In this part, we’ll dissect the four most commonly used controllers. Each solves a different problem, so you need to be able to pick the right tool for the situation.
ReplicaSet: The Simplest Promise of N Pods
The most basic controller is the ReplicaSet. As the name suggests, it’s a “set of pod replicas.” A ReplicaSet guarantees exactly one thing: there are always N pods with the labels I manage.
apiVersion: apps/v1
kind: ReplicaSet
metadata:
name: nginx-rs
spec:
replicas: 3
selector:
matchLabels:
app: nginx
template:
metadata:
labels:
app: nginx
spec:
containers:
- name: nginx
image: nginx:1.25
Creating this ReplicaSet brings up 3 pods with the app: nginx label. Even if you manually delete one, a new pod quickly fills its place.
kubectl apply -f rs.yaml
kubectl get pods -l app=nginx
kubectl delete pod <pod-name> # Delete one
kubectl get pods -l app=nginx # A new pod appears immediately
However, you rarely use ReplicaSets directly. They lack version update functionality. Even if you change the image tag from 1.25 to 1.26, the ReplicaSet leaves existing pods as-is and does nothing. Its judgment is simply “as long as there are 3, we’re good.”

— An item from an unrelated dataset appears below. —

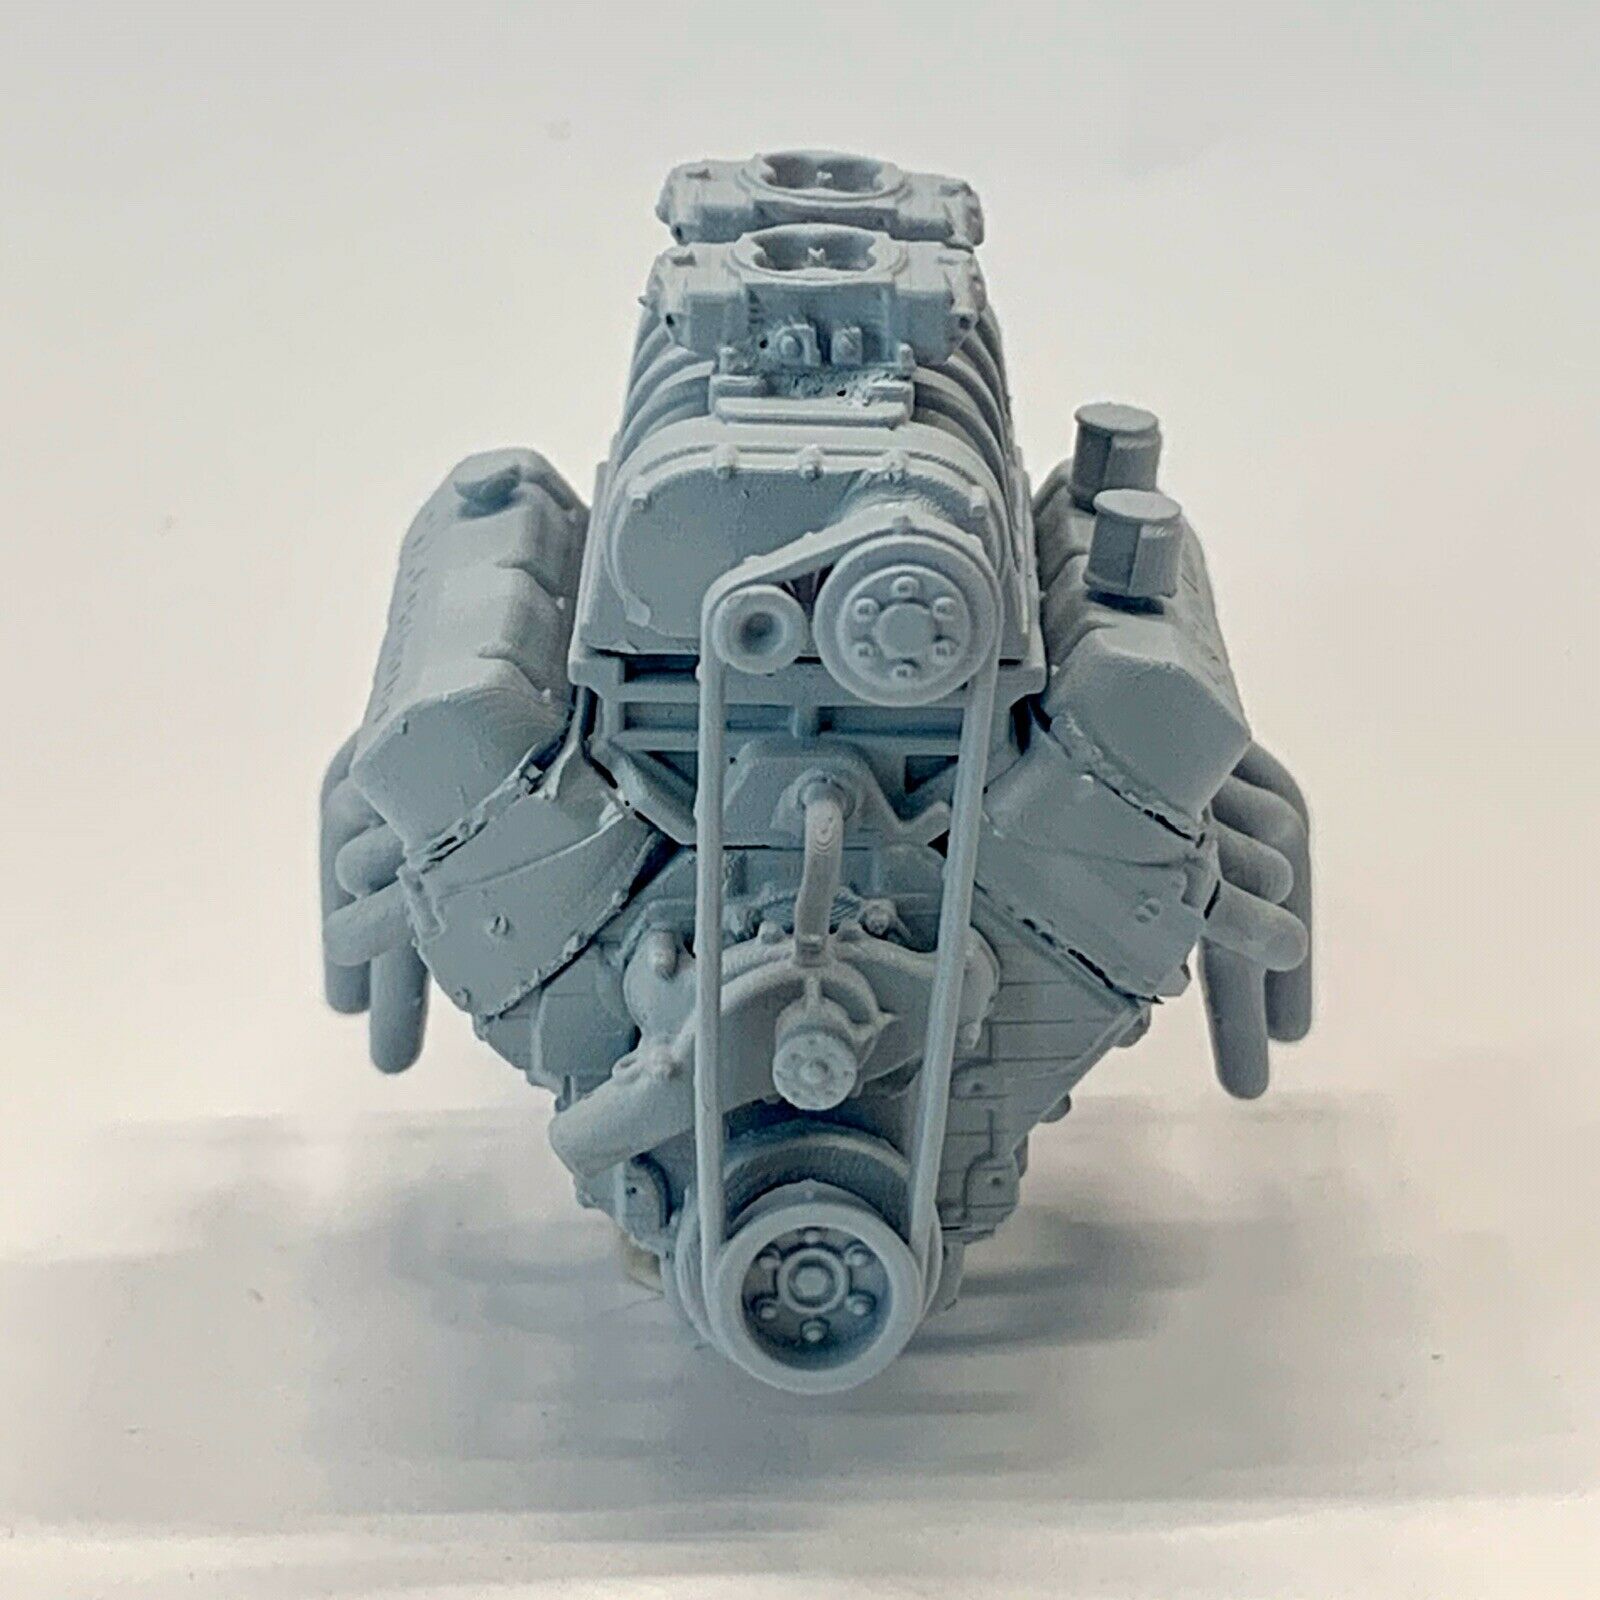 Blown 572 BBC model engine resin 3D printed 1:24-1:8 scale

Deployment: The Conductor Above ReplicaSets
The most used controller in practice is the Deployment. A Deployment is a higher-level controller that manages ReplicaSets and handles version updates and rollbacks.
apiVersion: apps/v1
kind: Deployment
metadata:
name: web
spec:
replicas: 3
strategy:
type: RollingUpdate
rollingUpdate:
maxUnavailable: 1
maxSurge: 1
selector:
matchLabels:
app: web
template:
metadata:
labels:
app: web
spec:
containers:
- name: web
image: myapp:1.0
ports:
- containerPort: 8080
The hierarchy that a Deployment creates looks like this:
flowchart TB
D[Deployment: web]
RS1[ReplicaSet: web-abc123<br/>image: myapp:1.0]
P1[Pod 1]
P2[Pod 2]
P3[Pod 3]
D --> RS1
RS1 --> P1
RS1 --> P2
RS1 --> P3
Users only interact with the Deployment. The ReplicaSet and Pods are managed automatically by the Deployment.
How Rolling Updates Achieve Zero Downtime
Let’s upgrade the image version from 1.0 to 2.0:
kubectl set image deployment/web web=myapp:2.0
Or you can modify the YAML and apply it with kubectl apply -f. Let’s trace what happens after the Deployment detects the change:
sequenceDiagram
participant D as Deployment
participant OLD as ReplicaSet v1 (3)
participant NEW as ReplicaSet v2 (0)
D->>NEW: Create ReplicaSet (replicas=0)
D->>NEW: Scale up to replicas=1
Note over NEW: v2 pod 1 up, readiness passed
D->>OLD: Scale down to replicas=2
Note over OLD: 1 v1 pod removed
D->>NEW: Scale up to replicas=2
D->>OLD: Scale down to replicas=1
D->>NEW: Scale up to replicas=3
D->>OLD: Scale down to replicas=0
Note over OLD: All v1 pods removed
The Deployment creates a new ReplicaSet for the new version, gradually increases its replicas while simultaneously reducing the old ReplicaSet. This process is the RollingUpdate strategy.
maxUnavailable: 1 means “during the update, at most 1 pod can be down,” and maxSurge: 1 means “up to 1 extra pod beyond the desired count can exist temporarily.” So with a base of 3 pods, at least 2 must always be in a serviceable state, and at most 4 can temporarily exist. These constraints are what create zero downtime.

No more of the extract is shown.